The stage of data preparation (or data wrangling, newly termed as data preparation taken to the next level ) would involve employing techniques of ETL (Extract, Transform, Load) to form an Analytics Sandbox used for further exploratory analysis purposes. To better facilitate future analysis, we will be conducting ETL process and exploratory data analysis cyclically such that if the latter is not satisfactory, we will go back to revise the former. The entire process of data preparation will be done using JMP Pro 13, which supersedes its predecessor SAS Enterprise Guide and Miner and has capabilities in the fields of descriptive and predictive modelling required by our team.


Methods of Analysis

Correlations

Some questions we hope to answer include what should the business invest in in order to achieve higher efficiency and growth and which sales method is the most efficient. For this, we could look at correlations between sales revenue and inputs. While correlation is not indicative of causation, it can be highly suggestive.
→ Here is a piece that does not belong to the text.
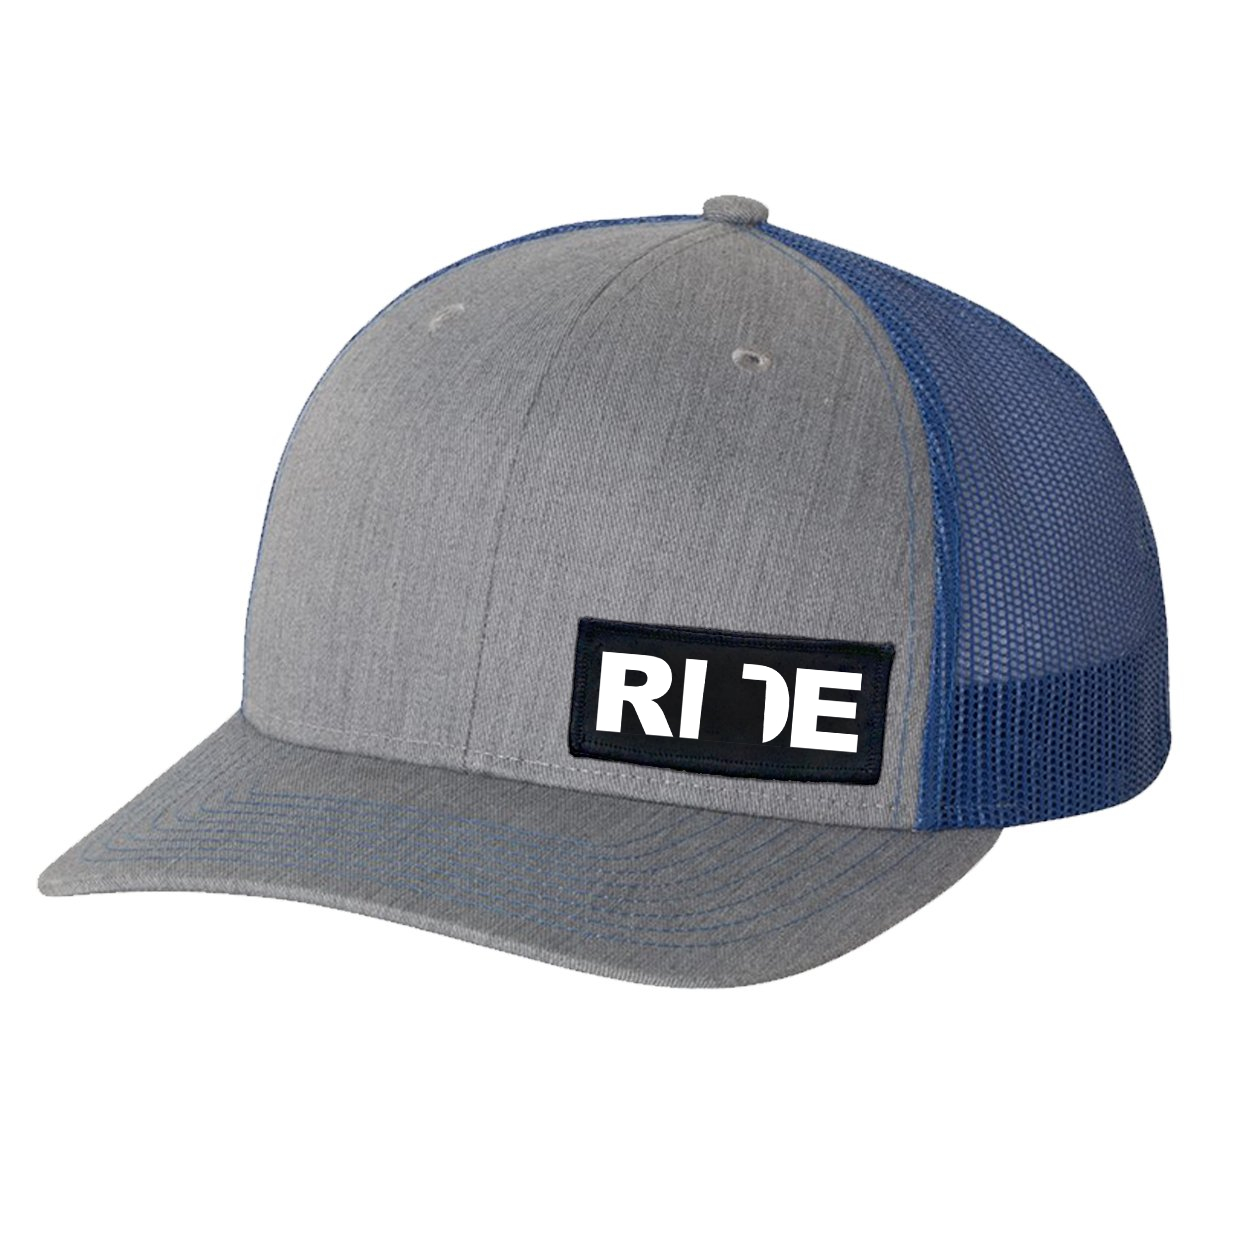 Ride Utah Night Out Woven Patch Snapback Trucker Hat Heather Grey/Royal (White Logo)

Cluster Analysis + Machine Learning (Artificial Neural Networks)

Depending on quality of data and conversations in future, we also hope to create a machine learning model that will be able to do some predictive analytics. For example, by predicting how would performance vary if we change an input resource. We could do clustering on the client data, and then for each client cluster, we can train an artificial neural network (ANN) on the sales inputs, client characteristics and resulting revenue and thereby predict results based on sales input. This is to create a predictive model for each type of client. After the clustering, we could also compare the revenue to the sales input to identify the more efficient teams or methods and recommend GSK to analyze them in future to uncover the reasons behind the efficiency and to spread them as best practices through the organization.

Survival Analysis

Survival Analysis is a statistical technique used to analyze the expected duration of time until an event occurs and also one of the cornerstones of customer analytics . An event in our project context can be customer attrition (where existing customers turnover to other companies) or inventory depletion (where certain pharmaceutical products run dry). An understanding of when customer is most likely turnover or when inventory needs to be replenished enables GSK to plan in advance churn prevention efforts and engage in proactive customer communication to effectively improve sales.